MbPS (8) • Bei näherer Betrachtung der Mütter zeigen sich tiefgreifende Persönlichkeitsstörungen, geprägt von Gefühlen der Isolation, Einsamkeit, mangelnder Unterstützung. Am häufigsten finden sich depressive, hysterische (Konversionsneurose) und Borderline-Störungen bei den Müttern. Realitätswahrnehmung kann beeinträchtigt sein und wahnhafte Züge tragen.
3. Symptomatik bei körperlicher Misshandlung • ist ausgesprochen vielgestaltig: Hauptsymptome sind Blutungen, Verletzungen, mit entsprechenden Spuren, die dem Misshandlungsinstrument entsprechen oder mehr flächenhafter Art sind (oft am Kopf: Haare, Augenbereich oder an Extremitäten)
Symptomatik (2) • Verdachtsmomente sind z.B. doppelkonturierte Prügelmarken, Striemen, Brandwunden, Haardefekte (durch Reißen), Skelettschäden oder intracranielle Blutungen, v.a. wenn der Kopf bevorzugtes Misshandlungsziel war.

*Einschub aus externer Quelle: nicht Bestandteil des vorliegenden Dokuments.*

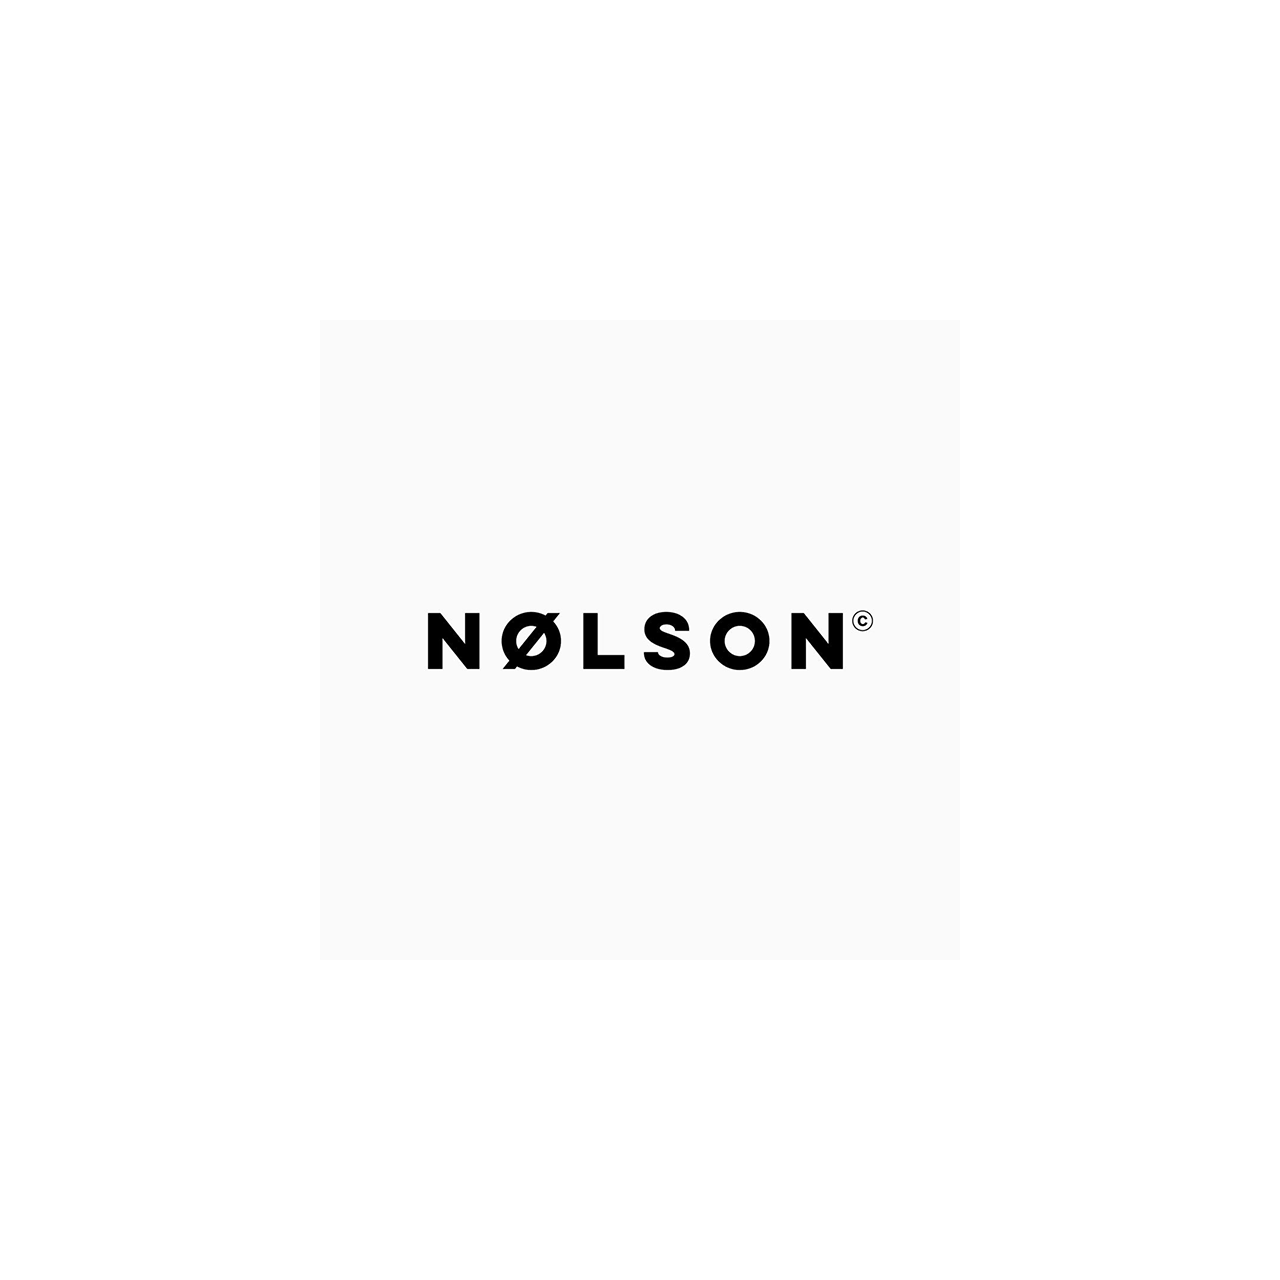 Nolson logo

Während sich körperliche Misshandlung oft schon im Säuglings- und Kleinkindalter ereignet und auch seelische Misshandlung einschließt, werden Symptome der vorwiegend oder ausschließlich seelischen Misshandlung eher im Schulalter gesehen (aber natürlich hier auch körperliche Misshandlung).
Bei den misshandelnden Erwachsenen zeigt sich ein recht großer „Erfindungsreichtum“ zum Schaden der Kinder: neben Schlagen, z.B. Einsperren in dunkle Räume, Nahrungsentzug, Liebesentzug, Zwang, bestimmte unangenehme Körperhaltungen lange Zeit beizubehalten und andere oft sadistische Prozeduren.
Kindesmisshandlung ereignet sich überwiegend im Elternhaus. Täter sind nicht vermehrt, wie man oft glaubt, Stief- oder Ersatzmütter, sondern v.a. Väter. Man findet häufiger auch –wenn auch nicht ausschließlich- familiäre Hintergrundbelastungen bei den Misshandlern (z.B. sehr junge Eltern, Alkoholprobleme, Vorstrafen, Arbeitslosigkeit, zerbrechende Familien). • Dennoch wird auch in sog. Mittelschichts- oder auch Oberschichtsfamilien misshandelt!
Es sind auch häufiger Kinder Misshandlungen ausgesetzt, die abgelehnt werden, die vielleicht auch familienfern (z.B. im Heim) aufwuchsen und deren späterer Integrationsprozess in die Familie misslingt. • Verhaltensgestörte oder intelligenzgeminderte Kinder können bis zu einem gewissen Grad auch Misshandlung „provozieren“ (natürlich nicht in dem Sinne, dass sie an der Misshandlung mitschuldig sind), weil u.U. einfach strukturierte Eltern mit der Erziehung überfordert sind.
Phänomen ist auch:misshandelnde Eltern sind in hohem Maße in eigener Kindheit selbst misshandelt worden
Noch einmal möchte ich betonen: Wenn auch, statistisch gesehen, Misshandlung v.a. in niedrigeren sozialen Schichten festgestellt wird, darf man nicht übersehen, dass auch vermeintlich fürsorgliche oder auch sozial zu höheren sozialen Schichten zählende Personen misshandeln!
4. Diagnose und Differentialdiagnose • Nicht selten werden misshandelte Kinder nach Abklingen des auslösenden Affektes oder auch aus Reue/Schuldgefühl dem Arzt unter falschen Angaben zur Ursache vorgestellt.
Diagnostik (1) • In jedem Fall ist eine sorgfältige körperliche Untersuchung durchzuführen. Auch bei nur entfernt aufgetretenem Verdacht auf Misshandlung darf guter Kontrakt oder vermeintlich gutes Pflegeverhältnis nicht von der Aufklärung abhalten!! • Abhängig von der Art des Traumas können Haut-, Schädel- und Extremitätenverletzungen manchmal als Misshandlungsfolge identifiziert werden (Hämatome, Knochenschädigungen - Röntgen des Skelettsystems/des Schädels).
Diagnostik (2) • Diagnostische Verdachtsmomente können aber auch sein: Abschieben eines Kleinkindes in Kliniken oder auch sehr häufige Arzt-/Klinikvorstellungen (aus oft fraglichem oder minimalem Anlass, mit Drängen, es müsse doch etwas feststellbar sein).